MATERIAL PROVIDED:

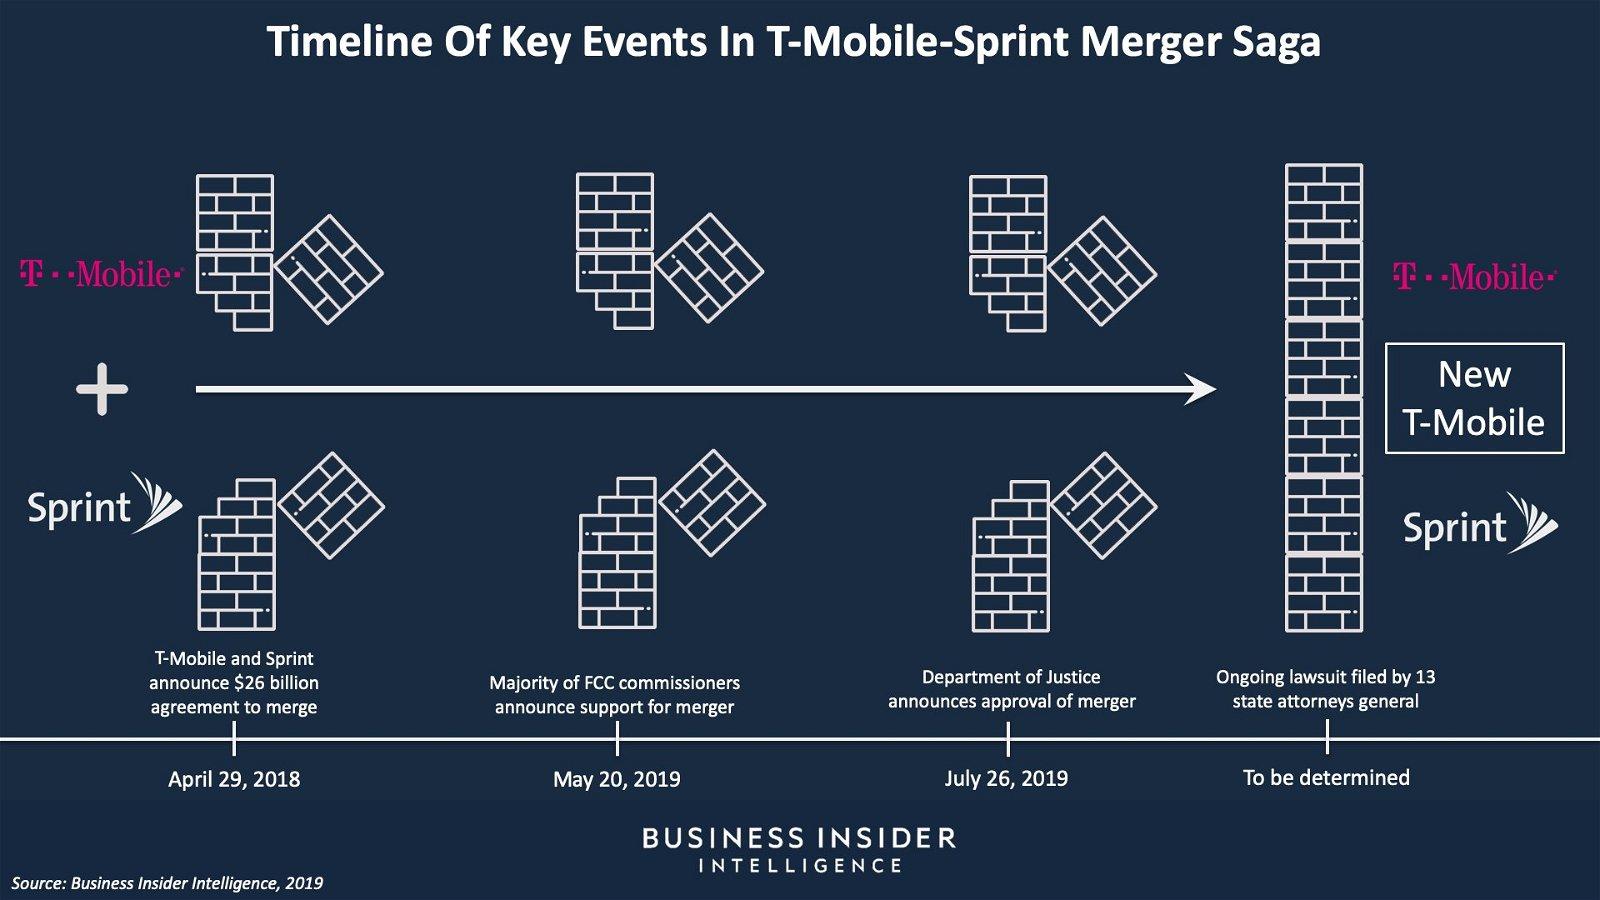 Merger delays hurt T-Mobile's 5G momentum
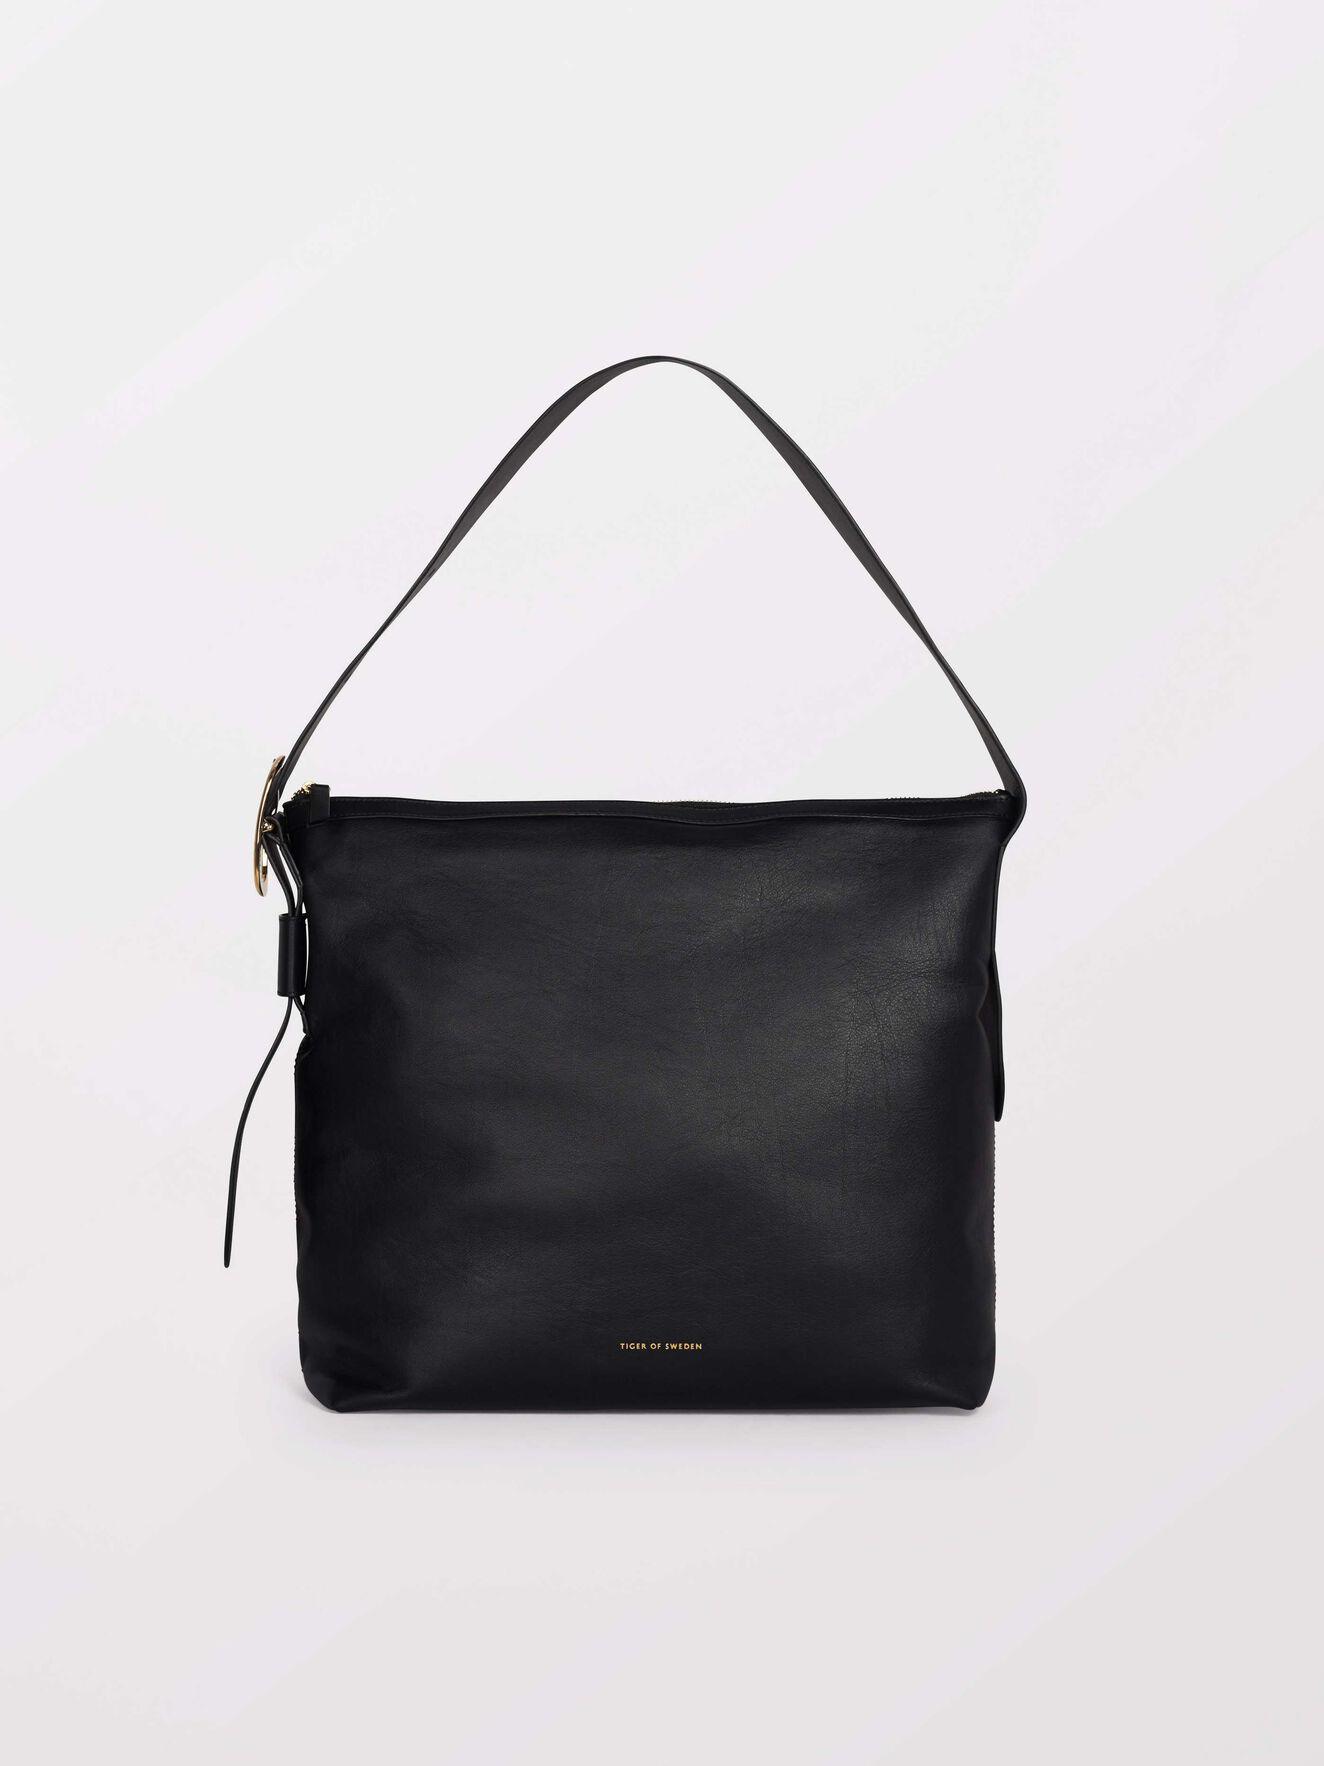 Bamosa Bag in Black from Tiger of Sweden
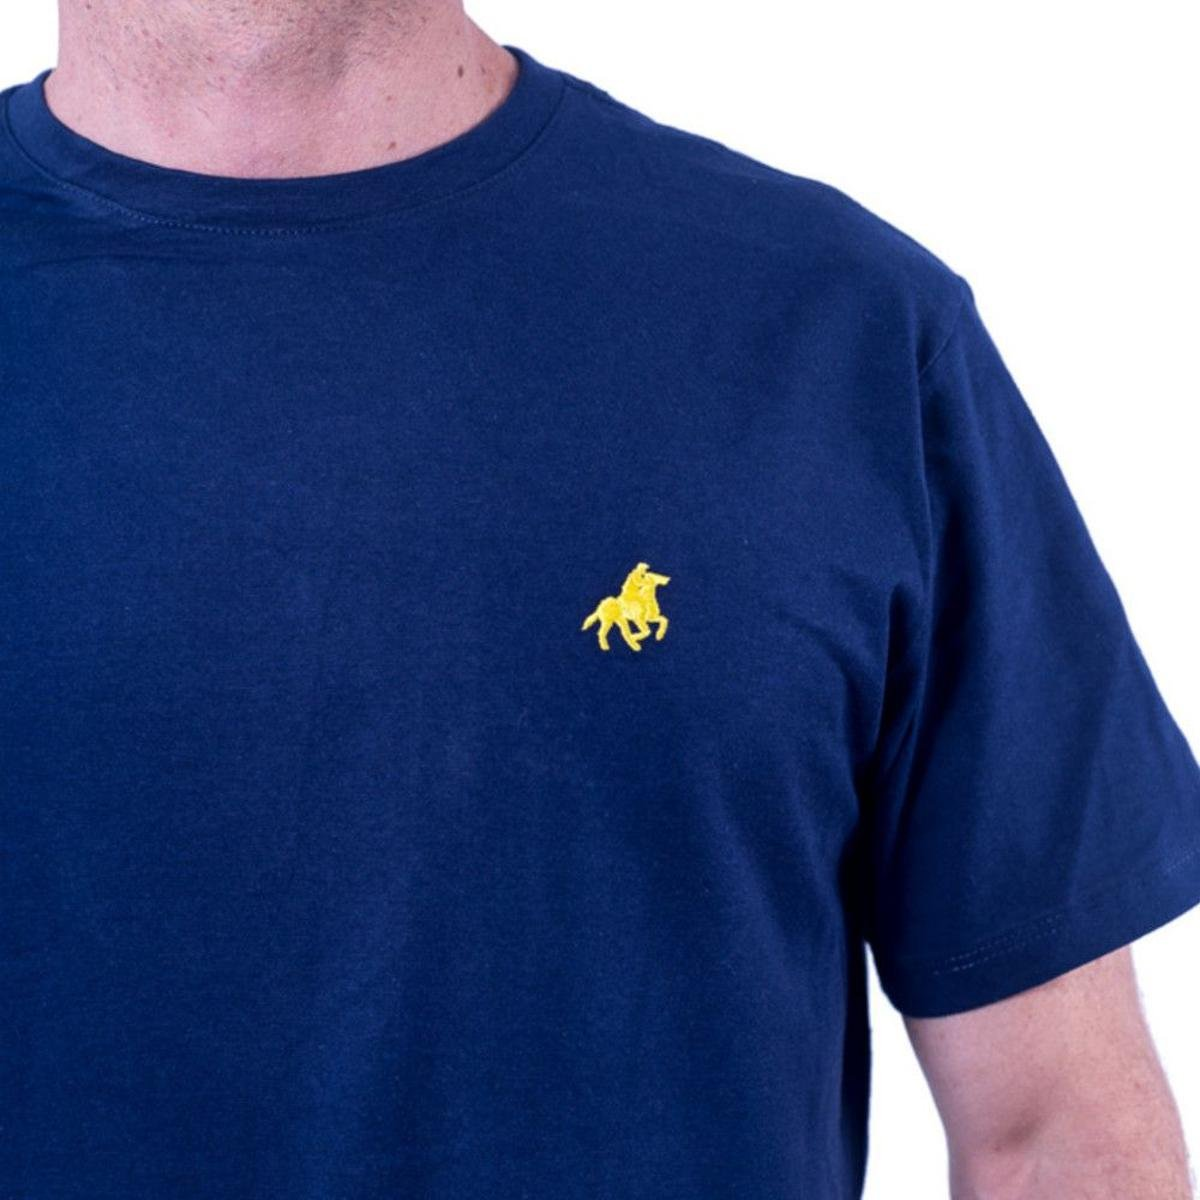 Camiseta England Polo Club Tagless Masculina - Marinho

ACTIVITY: Once the pictures are set aside, give the listing again word for word.

SOLUTION:
 Merger delays hurt T-Mobile's 5G momentum
 Bamosa Bag in Black from Tiger of Sweden
 Camiseta England Polo Club Tagless Masculina - Marinho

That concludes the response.